Un diagnóstico que llega tarde

Una de las mayores necesidades no cubiertas de estos pacientes es el retraso diagnóstico. Muchos conviven años con sus síntomas antes de recibir un diagnóstico correcto, recorriendo consultas de urgencias o de medicina general sin que se identifique la causa real de su malestar. La pérdida de olfato, en particular, raramente se evalúa de forma sistemática en Atención Primaria, pese a que es un síntoma cardinal de esta enfermedad.

Potenciar la formación de los médicos de Atención Primaria para identificar precozmente la RSCcPN es una prioridad. Un diagnóstico temprano no solo mejora la calidad de vida del paciente, sino que reduce consultas innecesarias, derivaciones prematuras y el coste personal y social de una enfermedad que se cronifica y agrava sin el tratamiento adecuado.

La necesidad de una atención coordinada

La RSCcPN es una enfermedad que exige trabajo en equipo. El otorrinolaringólogo es el especialista de referencia, pero el abordaje óptimo requiere la colaboración con neumólogos, alergólogos, enfermería y farmacia, y con Atención Primaria como puerta de entrada y primer filtro. Sin esa coordinación, los pacientes se pierden en los circuitos asistenciales, reciben atención fragmentada y no logran el control de su enfermedad.

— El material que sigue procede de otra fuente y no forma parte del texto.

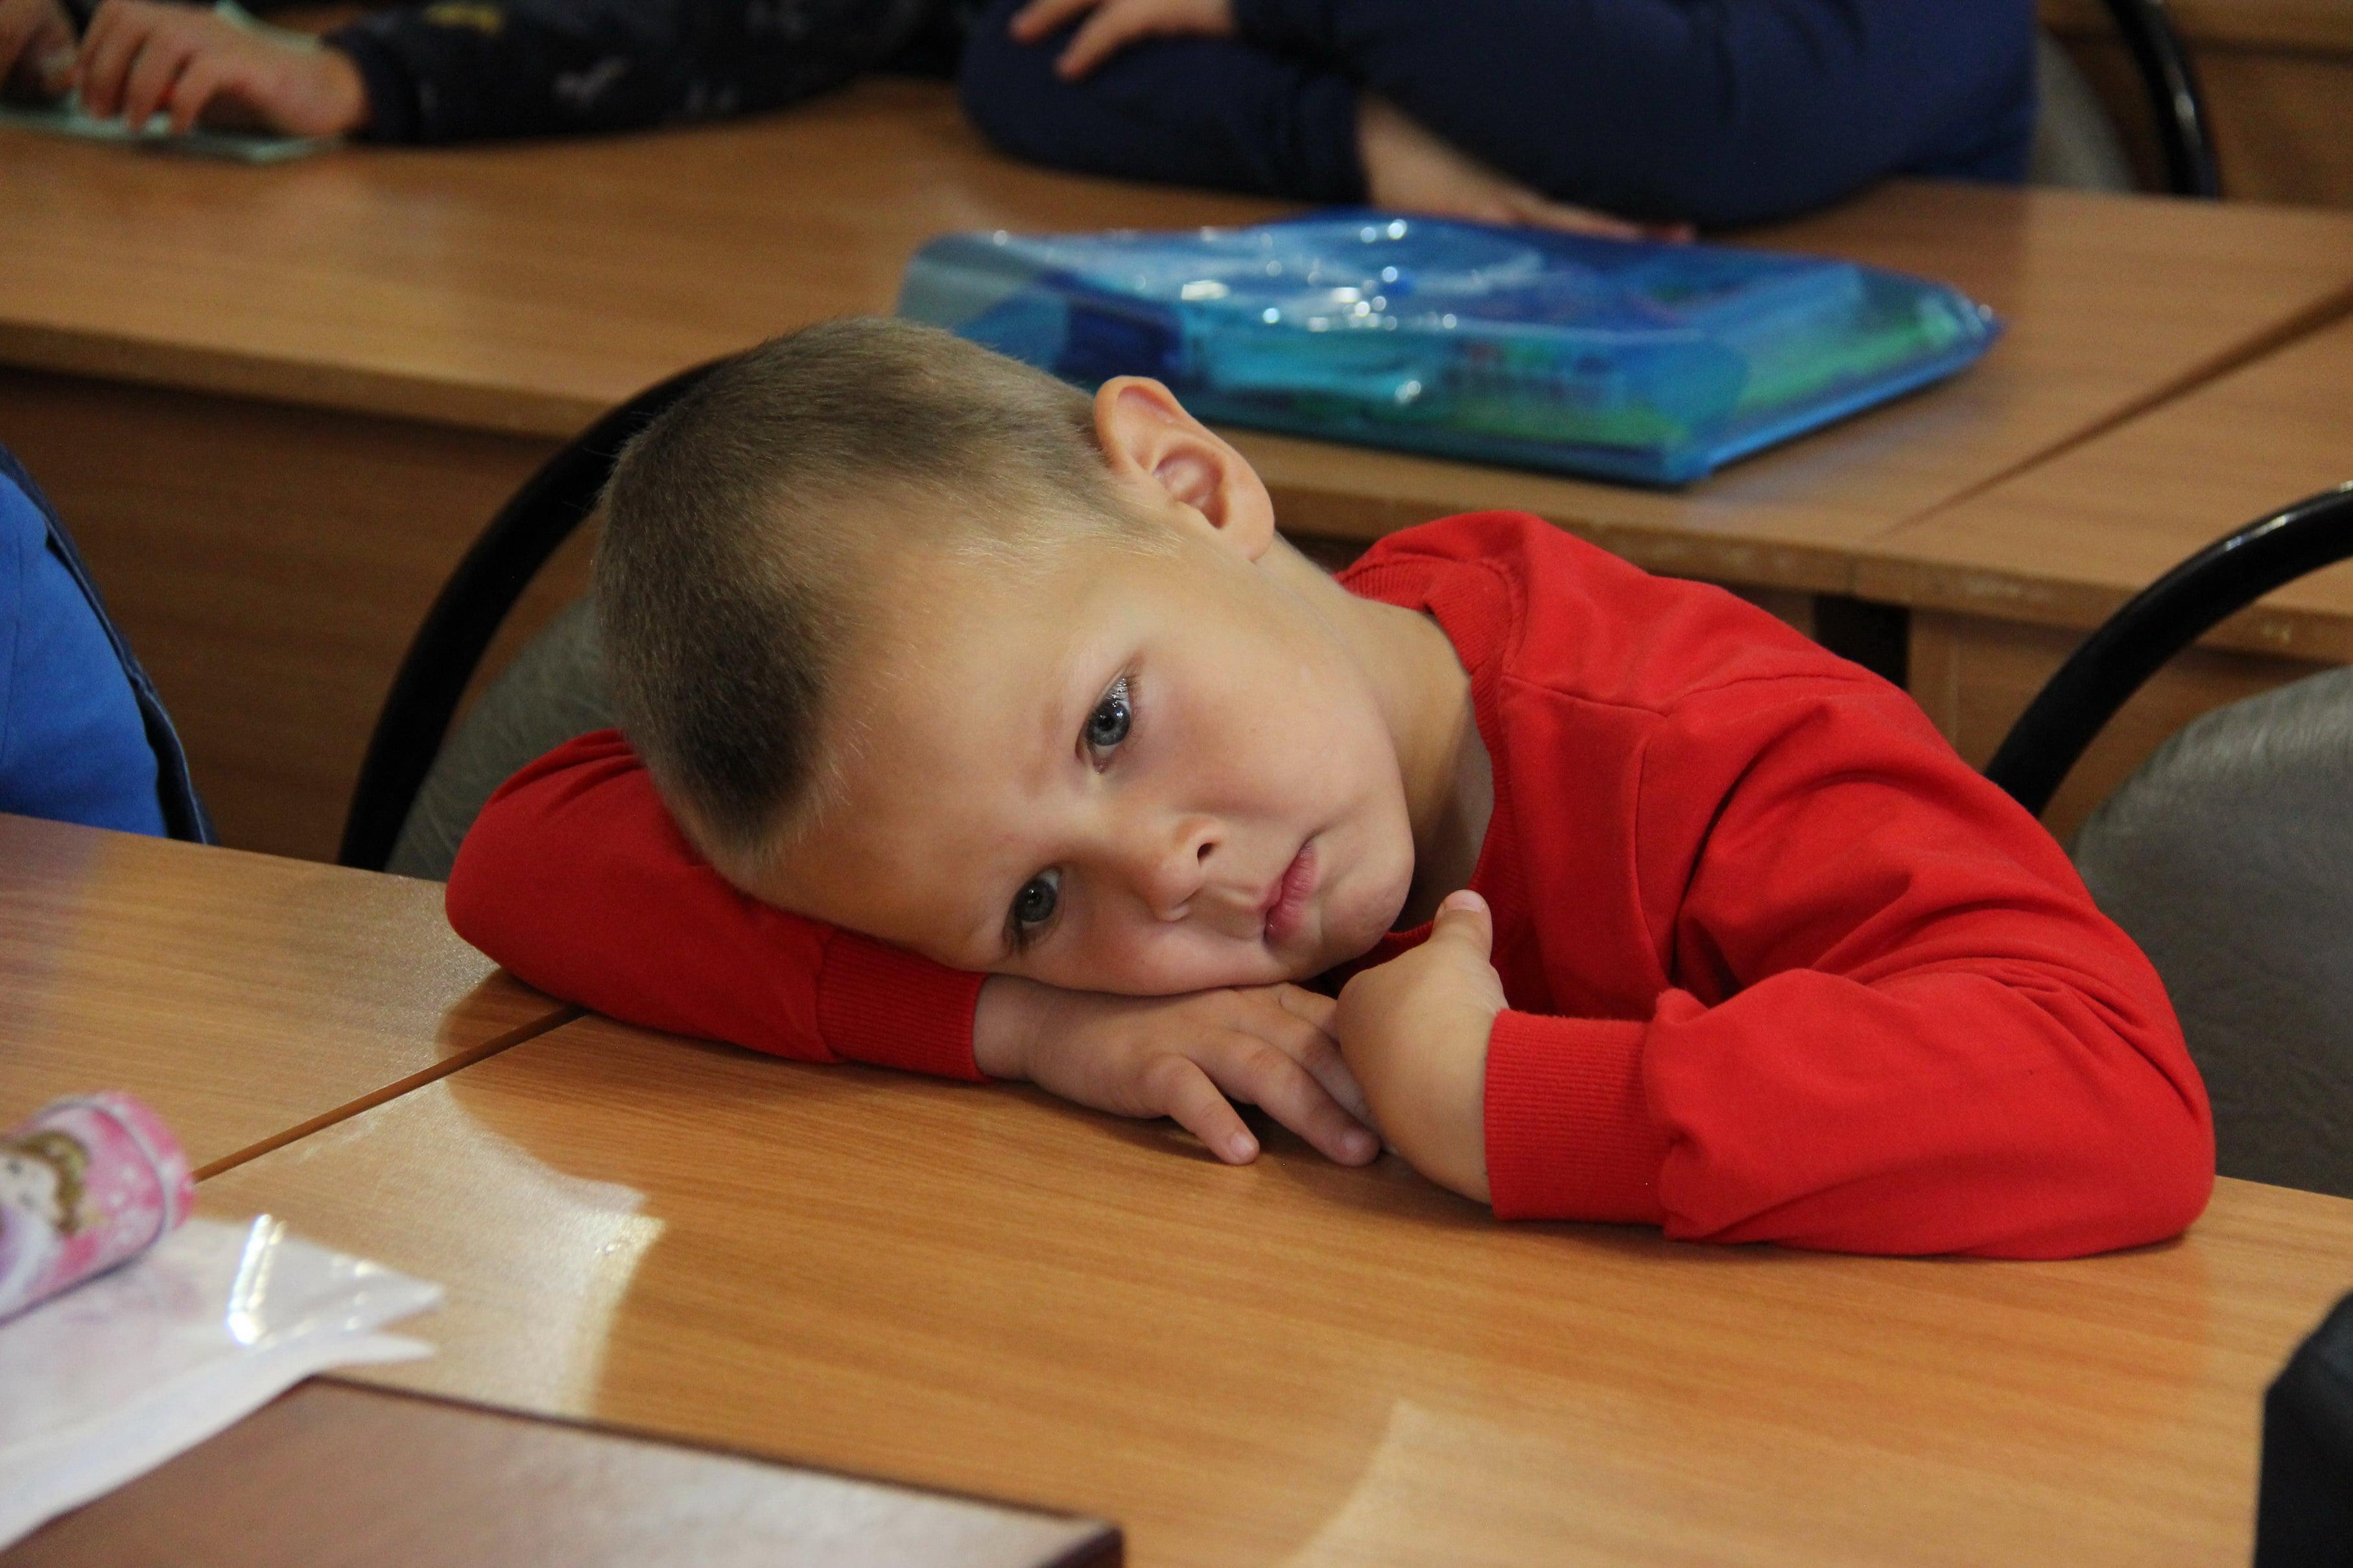 http://monuspen.ru/photoreports/88c681a8ee7fcb437fe27af18a17a71t.JPG

En España, desde la SEORL-CCC estamos trabajando activamente en la creación y acreditación de Unidades Especializadas de Inflamación Nasosinusal, espacios funcionales donde se garantice una atención integral, multidisciplinar y con criterios de calidad homogéneos en todo el territorio. Porque la calidad asistencial no puede depender del código postal del paciente.

El paciente, en el centro

Hay otra necesidad que el documento de consenso de la Alianza Española de la RSCcPN recoge con claridad: la del paciente informado y activo. Durante demasiado tiempo, las personas con esta enfermedad han sido receptores pasivos de indicaciones médicas. La evidencia demuestra que cuando el paciente comprende su enfermedad, conoce sus síntomas, sabe cuándo consultar y participa en las decisiones sobre su tratamiento, los resultados mejoran de forma significativa.

Eso implica educación. Implica tiempo en la consulta. Implica herramientas accesibles y un lenguaje que no excluya. Y también implica escuchar a las asociaciones de pacientes, cuya voz es imprescindible para diseñar una atención sanitaria que responda a las necesidades reales de quienes viven con esta enfermedad cada día.

La poliposis nasal no es un problema menor. Es una enfermedad crónica, compleja y con frecuencia infradiagnosticada, que merece la misma atención, los mismos recursos y el mismo rigor que cualquier otra patología que afecte de forma profunda a la vida de las personas. Ese es el compromiso que, como especialistas y como sociedad científica, asumimos cada día.